VHS #8 | O passe como argumento
Uma ligação nascente em Cleveland, um miúdo com afro que distribui com alegria, e uma promessa que regressa com sinais encorajadores.
Esta edição de VHS não precisa de muito contexto: três playmakers com capacidade de passe que nenhuma linha estatística consegue explicar. Um veterano que chega a meio da temporada e muda imediatamente o perfil de um ataque, um jogador de segundo ano com cabelo afro que trata a bola como se a alegria fosse obrigatória, e um base que, quando acelera, faz lembrar o tipo de jogador que pode ser quando tiver espaço e tempo suficientes para errar antes de explodir.

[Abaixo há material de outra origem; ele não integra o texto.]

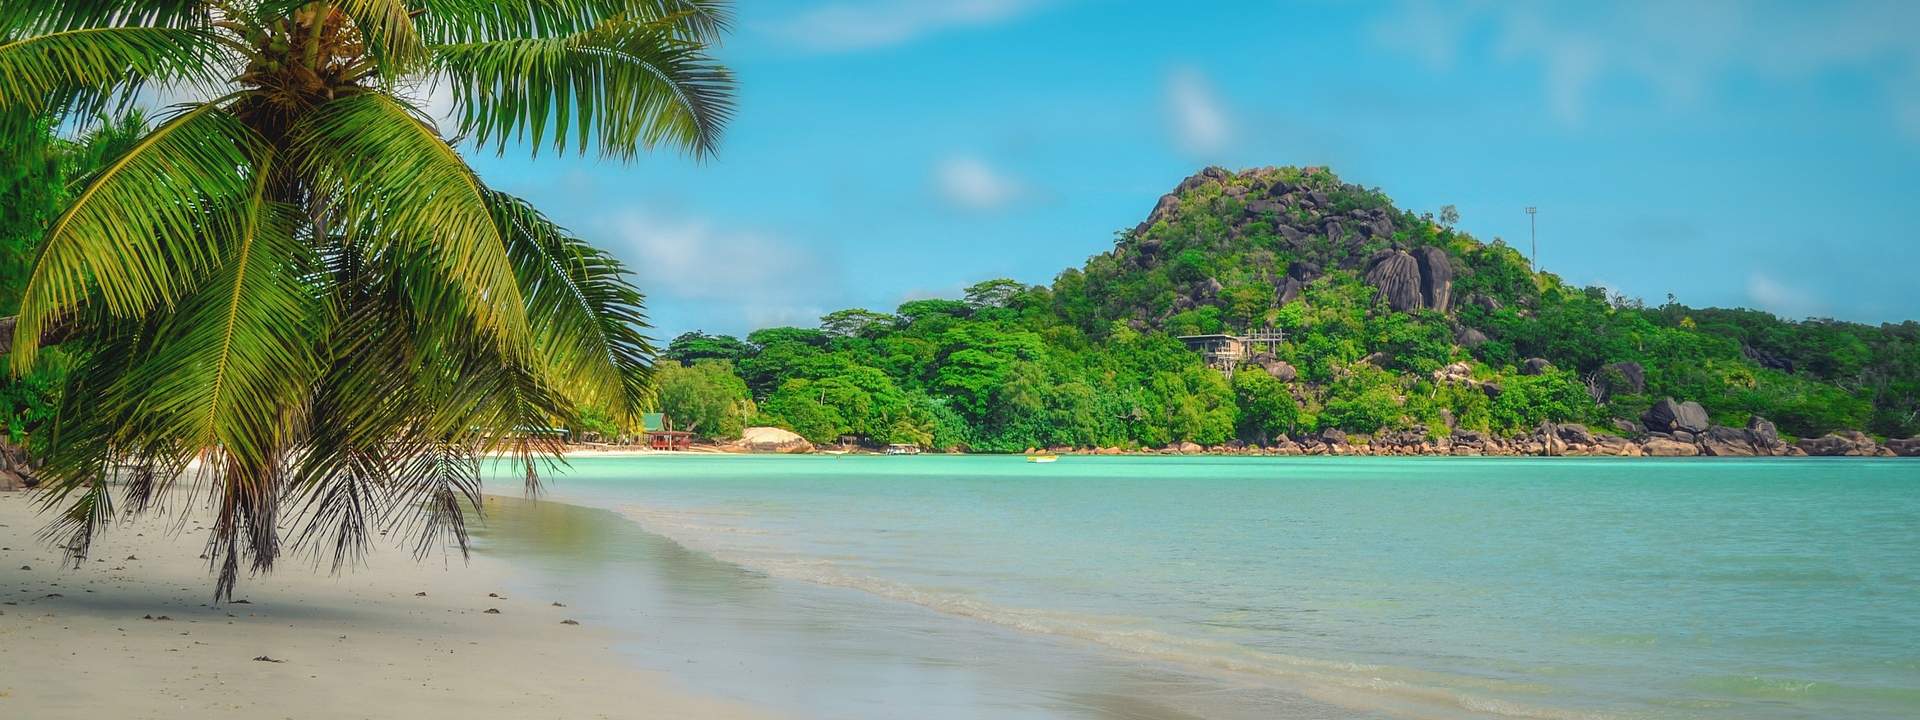 Cabin cruise around the three main islands of the Seychelles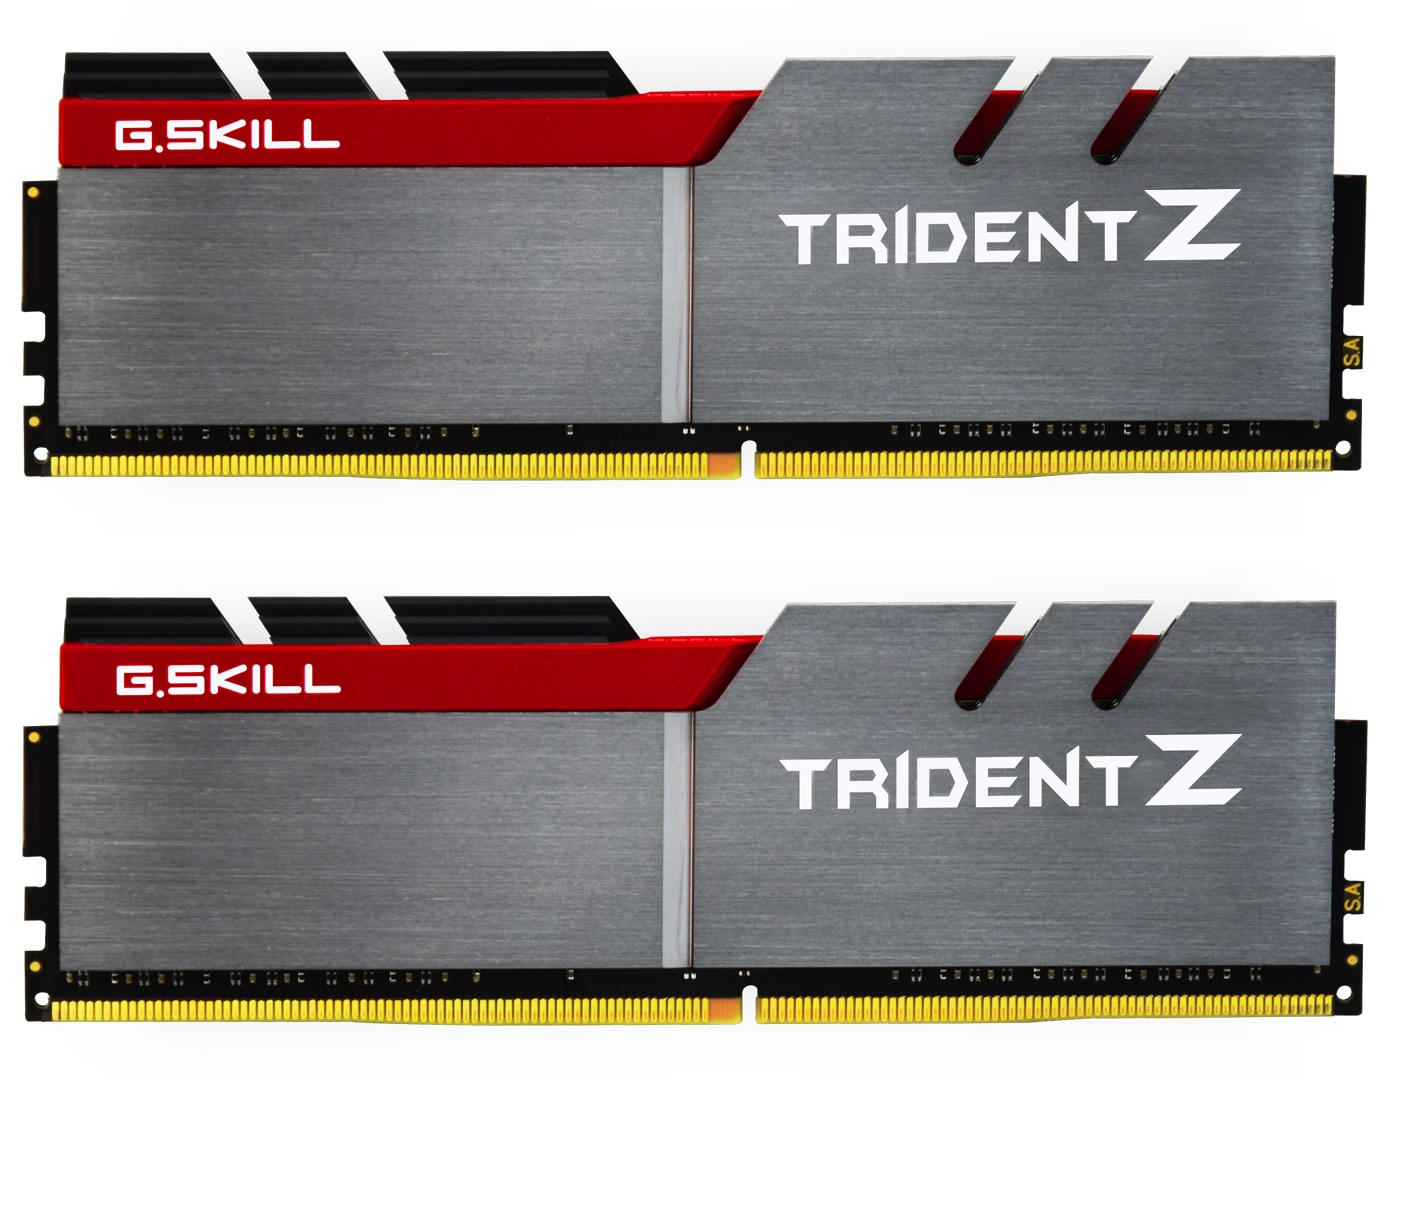 G.Skill Trident Z 16GB DDR4-3200 kit

James Harden e Jarrett Allen: ligação em construção
James Harden chegou a Cleveland no trade deadline e os Cavaliers venceram cinco dos seis jogos disputados desde então. A correlação não é coincidência.
O que os primeiros jogos revelam é um 2-man game a ganhar consistência: Harden encontrou em Jarrett Allen o tipo de finalizador que o liberta para fazer o que melhor sabe. O poste dos Cavaliers oferece presença física no pintado, mãos seguras e capacidade de selar o defensor no bloqueio — o perfil que Harden prefere para ditar o ritmo do pick-and-roll ou no dunker spot sem ter de apressar decisões. Após a vitória sobre os Brooklyn Nets, o base foi específico:
«Estando de fora, posso dizer que ele é melhor do que eu pensava — consegue receber a bola e finalizar perto do cesto com ambas as mãos. Tem bom ‘touch’ na área restritiva e esse é provavelmente o aspeto mais subvalorizado do seu jogo.»
A ligação faz lembrar a que o ‘barbudo’ construiu com Ivica Zubac nos Los Angeles Clippers: não pela semelhança dos bloqueadores, mas pela forma como Harden se apoia num interior para gerir o jogo com calma e criar vantagens antes de qualquer defesa conseguir organizar a resposta.
A amostra é pequena, mas a sintonia está a crescer.